Though typically officially ignored, two prerequisites foster the five other determinants of cultural health and longevity, giving us seven essentials of sustainable social success. The seven essentials are:

1. A viable paradigm, a biocentric conceptual context supporting a sane worldview

2. Loving respect for nature, sustaining loving care and commitment to the commonwealth, joy, and wellness of children, elders, enlightened spiritual leaders and wise guardians

3. Biocentric awareness and empathy, compassionate sensitivity to environmental conditions, fostering and supporting optimal quality of life for all generations

4. Consciousness of climate change with active commitment to eliminating or mitigating contributing factors and circumstances affecting its severity and rapidity

5. Commitment to sustainably positive, peaceful relations with neighbors, allies and enemies alike, fostering constant improvement with Win-Win strategies and dialogue

6. Thriving through ongoing development and maintenance of beneficial policies, strategies, and enterprises that foster and support lively cultural exchange with economic allies and competitors, while minimizing negativity, risk, damage, and losses

7. Positive, creative cultural responses to whatever challenges sustainably healthy success

With a valid paradigm and abiding commitment to a lively commonwealth and general well being, success can grow out of near disaster. We, the people, decide to rise or fall. Sane, healthy people observe, investigate, and analyze the motives and dynamics governing their decisions, their lives, and their leaders.
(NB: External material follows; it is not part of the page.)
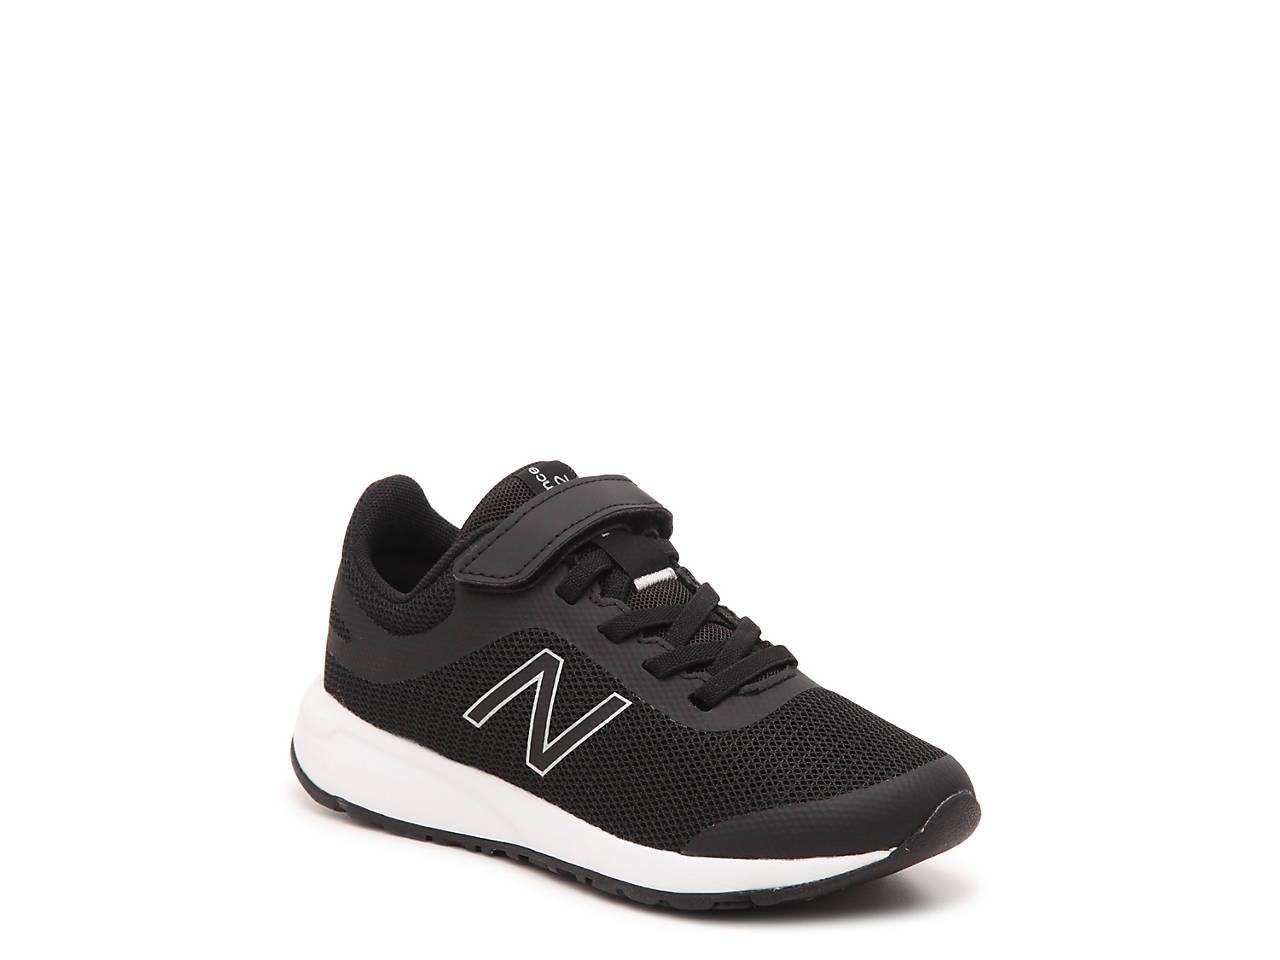 676debec2456c New Balance 455 v2 Sneaker - Kids' Kids Shoes | DSW

A society lacking a sane, valid conceptual base, lacking effective concern for the wellness of children, elders, nature and humanity as a whole, lacks a stable basis for making consistently wise decisions and life-sustaining responses.
Defective societies fail. Is the global Consumer Society choosing to succeed? Do a majority of consumers consciously choose anything or are they really just stampeding towards Walmart like a herd of panicked cattle heading for a cliff? These issues are extremely important for anyone who cares about their children and/or their own quality of life. These issues and the collective mix of decisions for or against cultural success and ecological sanity are determining our fate, our future, now.
Dr. Daisaku Ikeda's annual world peace proposal for 2010 brings our current dilemma into clear focus:

"The sense of decline is characterized by a pessimism and a nihilism that differs from the experience of people during the Great Depression of the 1930s, when socialism was at least seen as offering an alternative to the prevailing system. Today's pessimism would seem on the surface to be the opposite of the frenetic energy of an inflationary bubble, but it is in fact simply a different aspect of the same underlying phenomenon.
     "The French political scientist Emmanuel Todd has offered the following analysis of what he calls 'the logical culmination' of finance-centered globalization: "While desiring to 'free the individual' from all the constraints of the collective, it has succeeded only in creating mediocrities who, trembling in terror, seek safety in the worship and hoarding of money."
     "The flipside of mammonism [rule by greed] is, in other words, nihilism. Aspects that would appear to be diametrically opposed are in fact the inevitable twins born of modern civilization. Both are the product of an era that might be termed an interregnum of values, in which no measure of worth other than the monetary is recognized. Even discussions of the negative aspects of globalization, such as poverty and income disparity, are cast solely in terms of monetary values, making them needlessly sterile and soulless."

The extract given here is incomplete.